To test for separation:

Lie on your back with knees bent. Support the head with one hand whilst placing the other hand (finger tips pointing downwards) into the rectus abdominals. (That’s the bit running from just below your breast bone, at the top of your tummy, to your belly button!) Curl forwards far enough to feel the muscles close in towards the fingers. Feel all the way down from under ribs to hear the pubic region, checking how many fingers make the separation….none or one finger separation is marvellous. Two fingers is good but focus is required. More than two fingers of separation could really benefit from extra attention and extra curricular exercises done very regularly.

The good news is that it is possible to correct this shearing – even many years after giving birth – so do think about checking and adjusting the way your abdominal exercises are performed.
Here are some exercises to help.

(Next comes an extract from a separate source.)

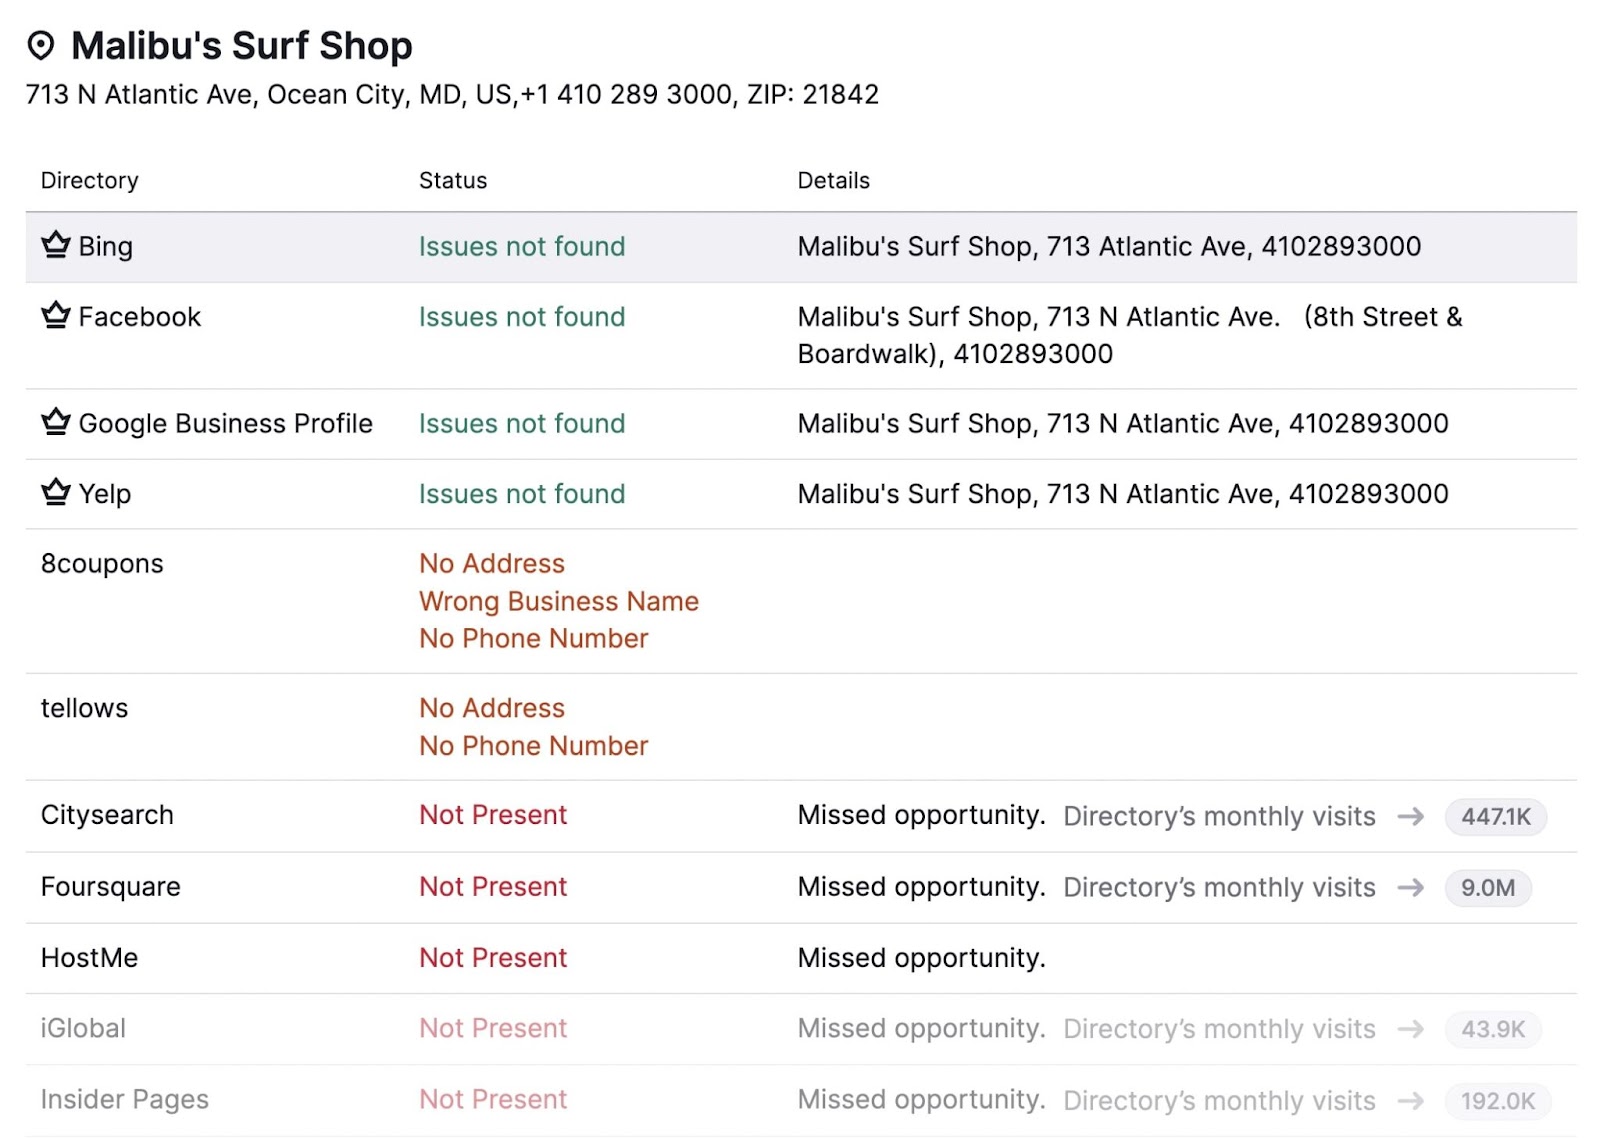 Malibu's Surf Shop page in Listing Management tool, showing a list of issues

The more regular you do them the better, and in partnership with some specific pelvic floor work, the area should rapidly improve and also help relieve those niggling back issues.

Those with three fingers or more separation, please avoid any excessive twisting abdominal movements and plank positions if you’re not strong enough to lift the abdominal wall against gravity.
Also, a huge caution for those newly post natal and who have had a traumatic birth/caesarian or prolapsed pelvic floor….I can recommend a wonderful book to guide you through the early days of exercises for the new Mum – ‘Judy Difiore “Postnatal Fitness” ‘. This book has great diagrams and practical information with regards to post natal fitness, a fabulous reference book.

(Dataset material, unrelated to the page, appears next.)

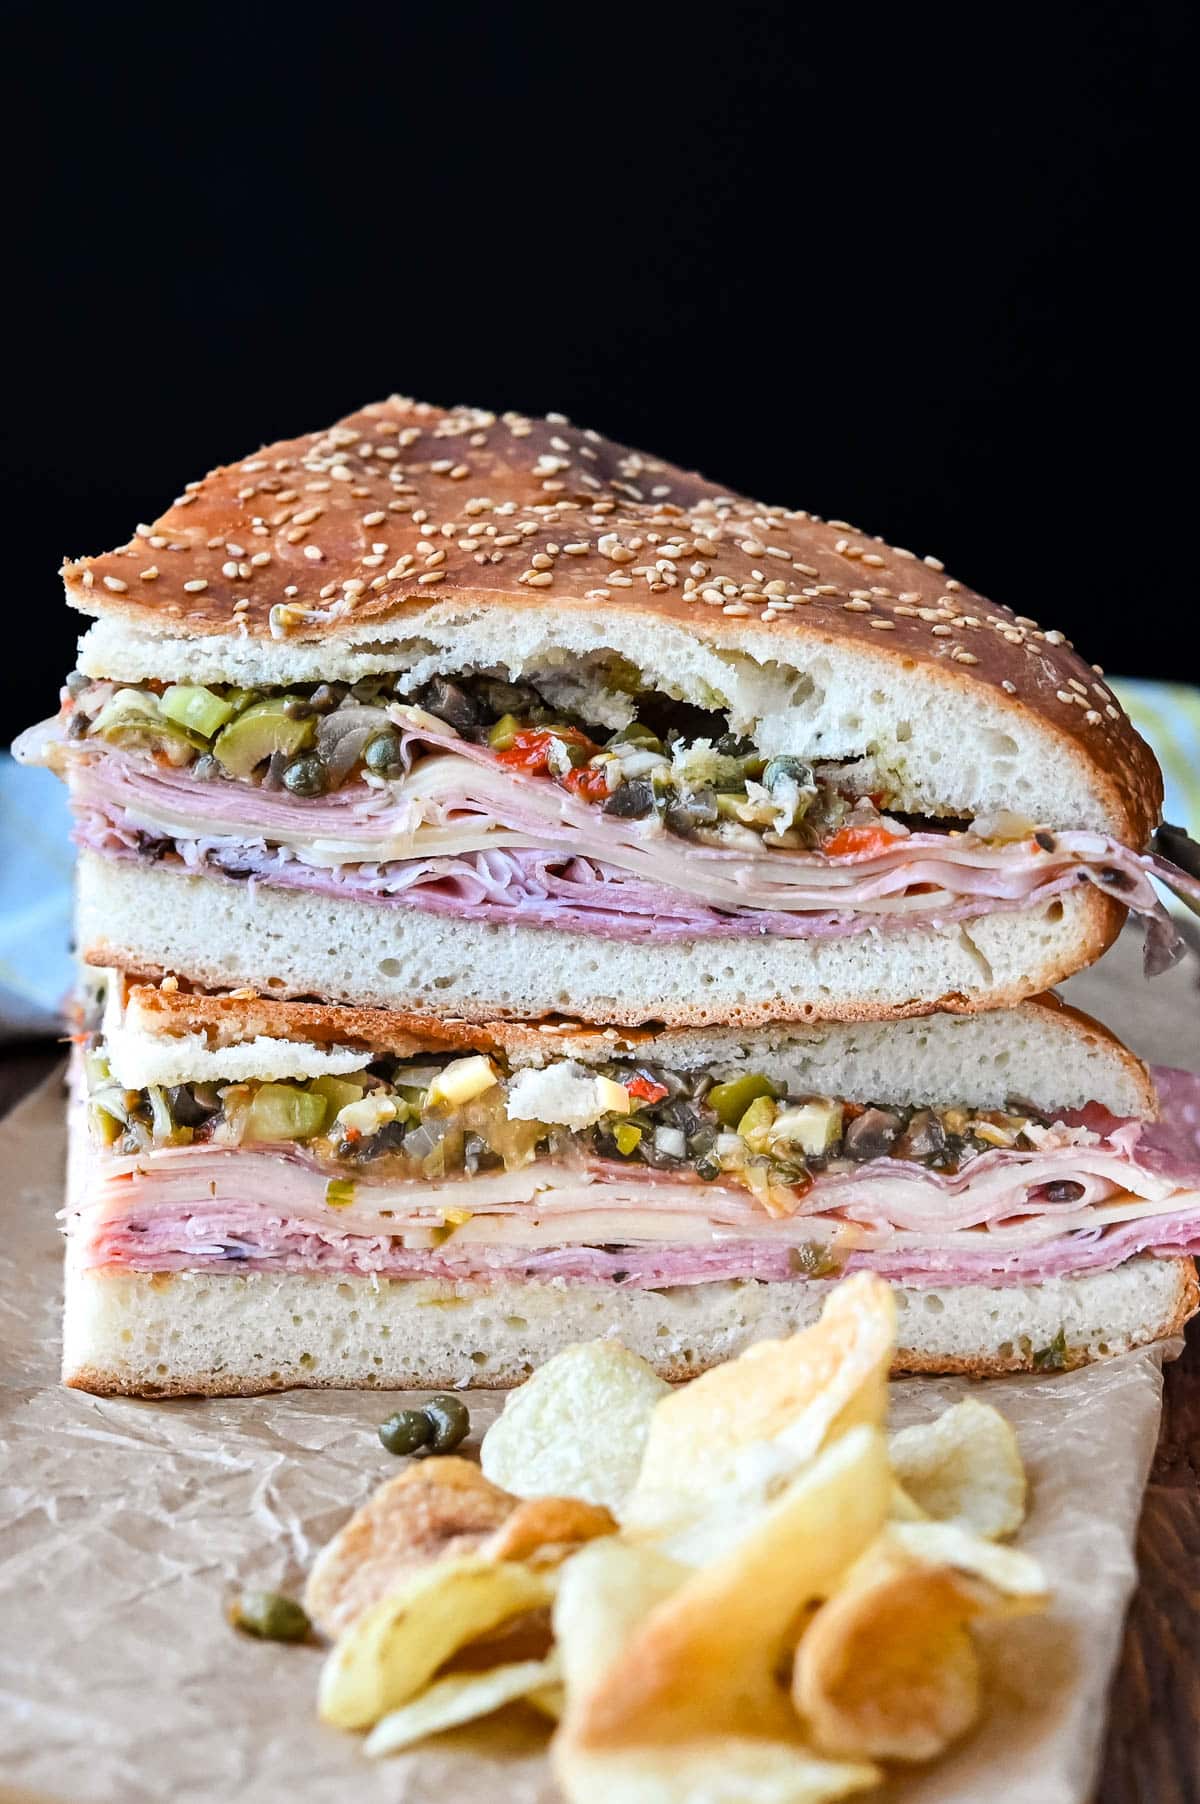 Sliced muffuletta sandwiches stacked on each other with a side of chips.

Ab curl with hold adding knee floats and slides :

Start by lying supine – knees bent, feet flat, hip width apart and head supported in hands. Take a curl forwards, looking towards the knees, and float one knee up over the hip. Lower the leg down with the abdominals continually contracted, not forgetting to breathe. Progress to lifting one knee followed by the other, then lowering back down again. Or, to simplify, take leg slides by flexing the foot and sliding a heel along the floor, lengthening leg and returning to start position.

Pelvic tilts with legs raised :

Starting supine, possibly with a cushion or small ball between the knees, feet raised on several heavy books, edge of sofa or sturdy chair or even a stability roll. Exhale, drawing your abdominals in deeply and curling the spine sequentially from the floor (making sure ribs remain soft and tailbone tucked under). Inhale as you hold this position, then exhale to return to the start position with a rolling action.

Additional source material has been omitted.